Search code examples
pysparkspark-streamingazure-databricks

Access specific element in array in a string of JSON format


I have some streaming data, that can minimally be reduced like so:

{
    "data":[
        {
            "key":1,
            "val":"a"
        },
        {
            "key":2,
            "val":"b",
            "test":"bla"
        }
    ]
}

from which I need to access the "data" array which is a string of JSON format. And more specifically I need to find the "val" field in the JSON in it where "key"==2.

So far I have tried:

  • I know that I can access it like this:

    F.get_json_object(...,"$.data[1].val")
    

    but then if the JSON changes the order of objects in the data array, it will no longer work.

  • For JSON I could use:

    F.get_json_object(...,"$.data[?(@.key==2)].val")
    

    but this does not seem to work on Databricks.

  • I tried to dynamically create a struct from JSON string. But "Queries with streaming sources must be executed with writeStream.start()". But I do not want to write the stream anywhere jet since I am still at the preprocessing. Or how could I maybe work around this?

  • I tried to only define the Struct for the array as shown here, but since the elements in the array have varying structure, this does not work.
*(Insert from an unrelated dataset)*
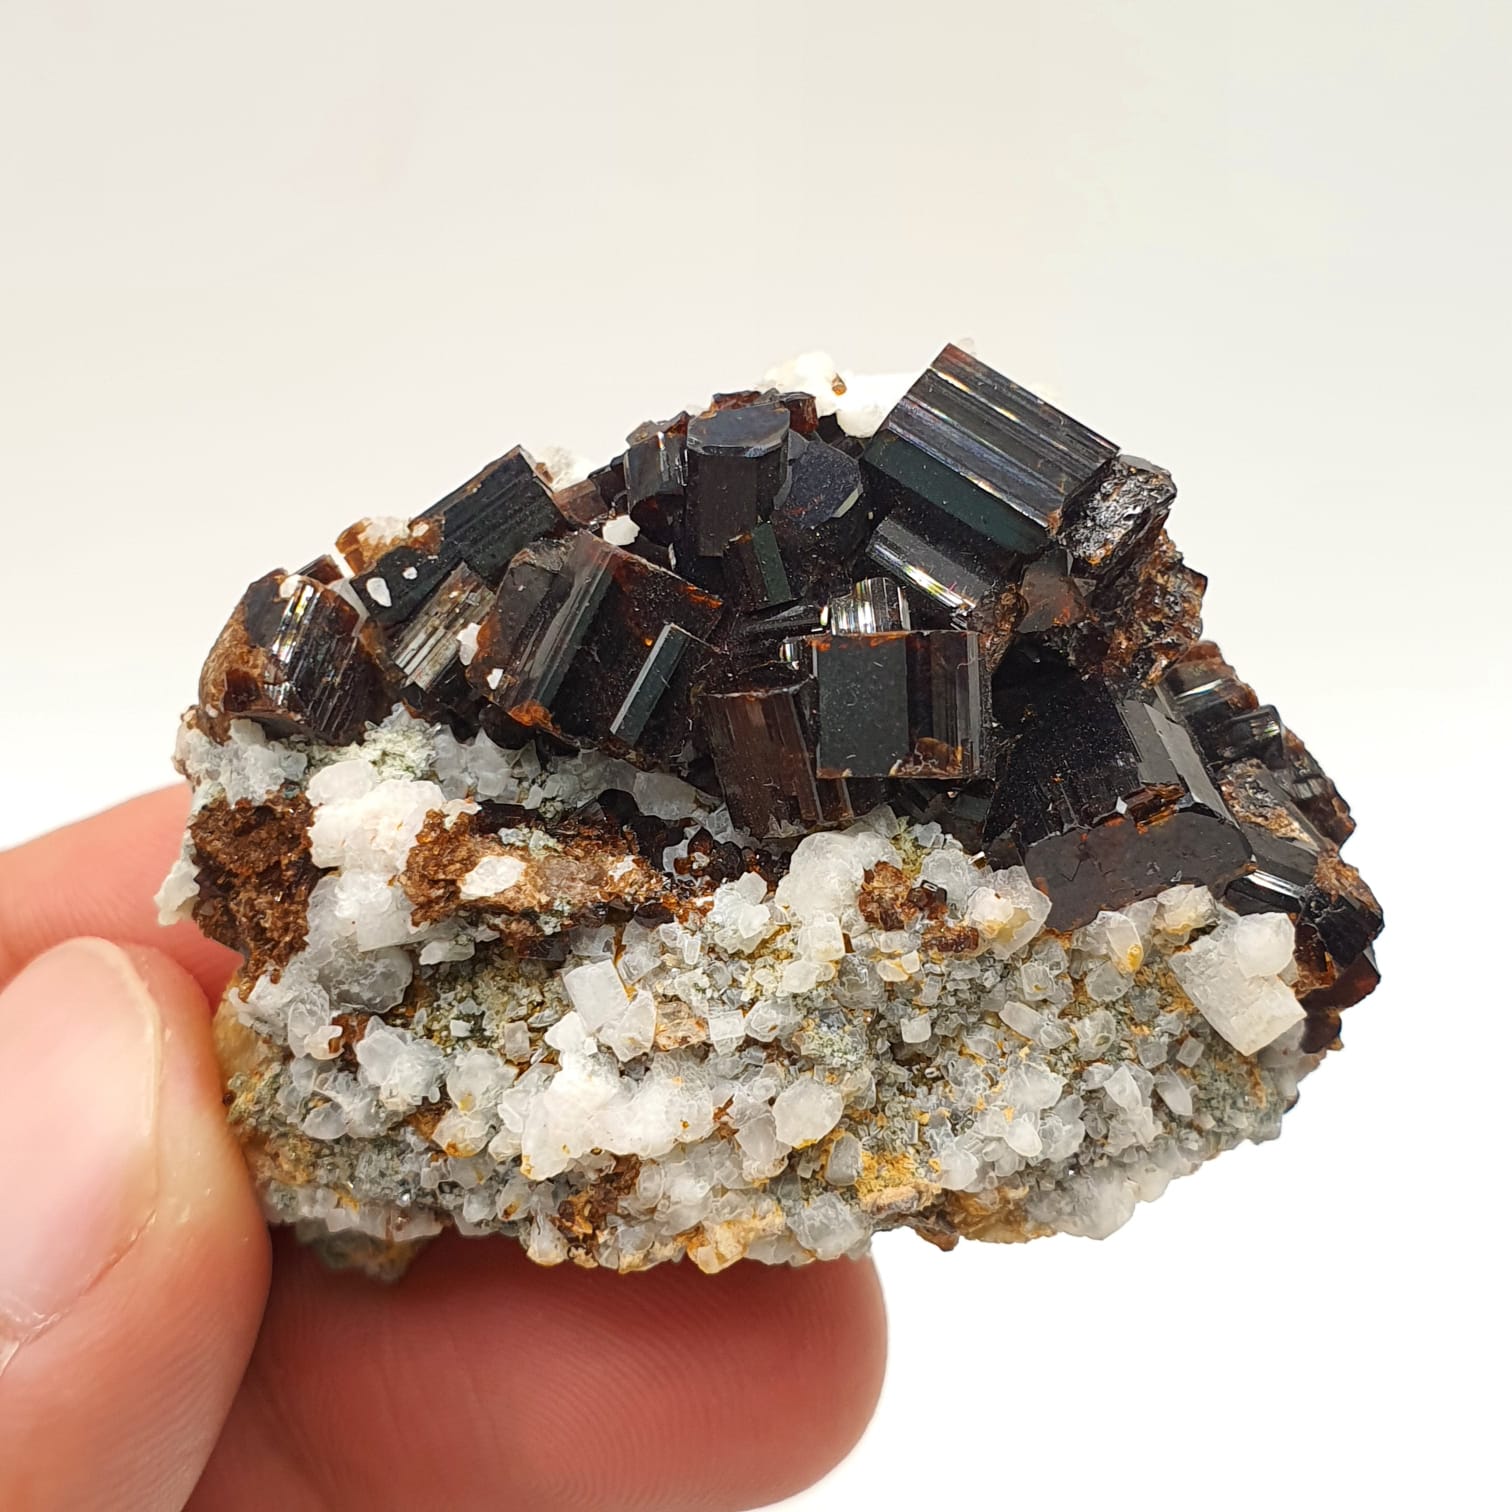 Luster Intergrown Crystals Of Vesuvianite On Contrasting White Matrix

  • I tried to write a user defined function to access the data object and containing a JSON string which I would then parse like so:

    
    def parse_json(id,idName,keyName,jsonString):
      from json import loads
      data=loads(jsonString)
      res=[d[keyName] for d in data if d[idName]==id]
      return res[0]
    

    and tried to call it with jsonString=F.col("data") where "data" holds the string. But this gives me errors, saying it does not find the attribute I put into the id field.


Solution

  • One approach is to convert the stringified JSON to array of struct type then get the value you want.

    Even though structure varies, if you have some schema that is somewhat stable, you can build a schema that includes what you want to decompose.

    For example, below schema will parse test field if exists, and you will get NULL when it doesn't exist (when key = 1). Also, if you are not interested in test field, you can omit the StructField and test is ignored.

    schema = StructType([
        StructField('data', ArrayType(StructType([
            StructField("key", IntegerType()),
            StructField("val", StringType()),
            StructField("test", StringType()),
            # add more field that you are interested in
        ])))
    ])
    

    Use this schema in from_json then extract the field you want.

    df = (df.withColumn('data', F.from_json('data', schema))
          .withColumn('data', F.filter(F.col('data').data, lambda x: x.key == 2)[0].val))
    

    If there are no key = 2, you will get NULL without getting a hard crash.